今年こそは、写真を真面目にやろうと決意し、日々取り組んでいるのだが、早速ぶち当たった問題が雲台である。
去年末からすでに5つの雲台を入手しているのだが、その中で最も軽量コンパクトで使いやすいスリックの自由雲台SBH-100Nは、なぜかフレーミングをしてから締め込むと微妙にズレるのだ。
▲左が前期型の「SBH-100」。右が後期型(現行品)の「SBH-100N」
SBH-100には、前期型と後期型の2種類があり、後期型は末尾に「N」が付く。
同じ三脚に同じカメラを取り付けても、前期型のSBH-100でちゃんとズレずに固定出来るのに、後期型のSBH-100Nだと締め込むと微妙にズレてしまう。先に言っておくと、両方とも中古品を入手した。
▲前期型のSBH-100
SBH-100(N)の精度に関してネット上で調べてみると、安い割に非常に良いとか、ピタッと止まるという好印象の多い中で、ズレるとか個体差があるという説もある。

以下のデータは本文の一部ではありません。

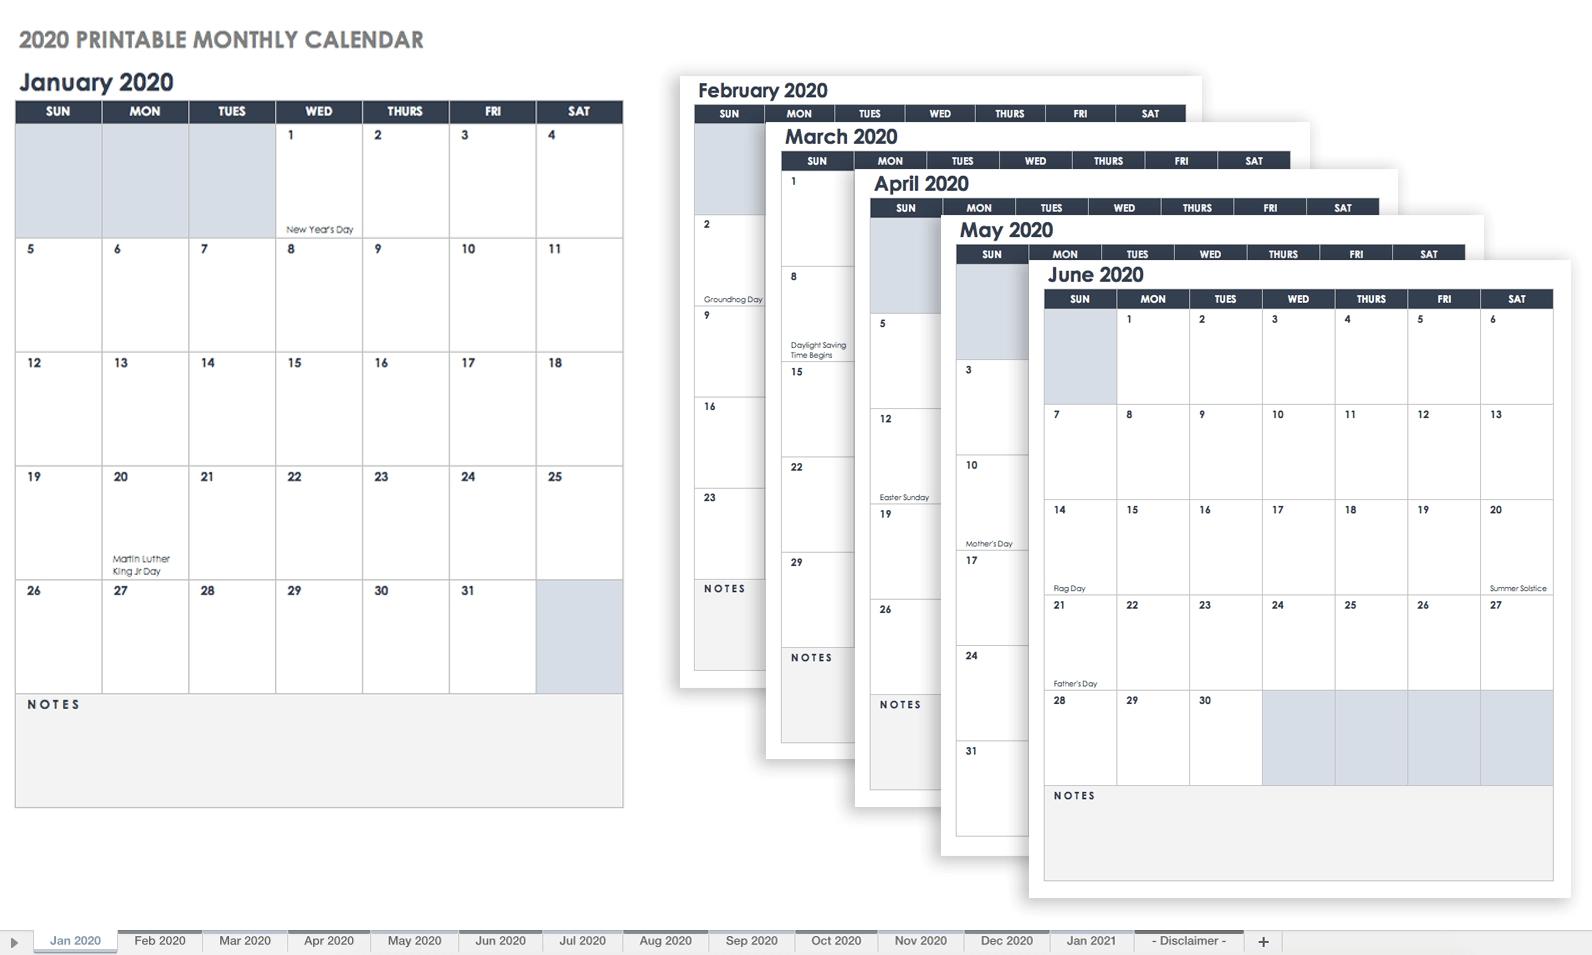 Free Blank Calendar Templates - Smartsheet intended for 12 Month Blank Calendar Template

中古で買ったのがダメなのか。それとも元々アタリハズレがあるものなのか。
▲後期型のSBH-100N
そして普通に考えると、旧型のSBH-100の方が長年使われているはずだし、古いモデルなのだから、パーツが摩耗していたり、機構に問題があるのなら旧型の「Nなし」の方であり、新型の「Nあり」は摩耗も軽度で、機構も改良されているはずである。
そこで今回は、この2つを分解した上で、精度の問題が解決できるのかを検証してみました。
SBH-100Nはよく観察すると、かなり使い込まれていた
▲後期型のSBH-100Nはよく見ると、コルクが薄くなった上に割れていた。
ネット上でSBH-100の情報を調べていると、コルクが割れやすいとか、割れた…というのをよく見かけるけど、私が入手した中古品のSBH-100Nがまさしくそれだったわけだ。
▲そして、雲台の底を見ると周囲の塗装がハゲていた。もう一方の旧型SBH-100の方は、コルクに損傷なく、塗装のハゲもないので、たぶん私が入手した前期型はあまり使われず仕舞い込まれていたもので、後期型の方はかなり使い込んだものなのだろう。その結果、部品が摩耗したのか、調整が狂ってズレが生じるようになったもの…と考えました。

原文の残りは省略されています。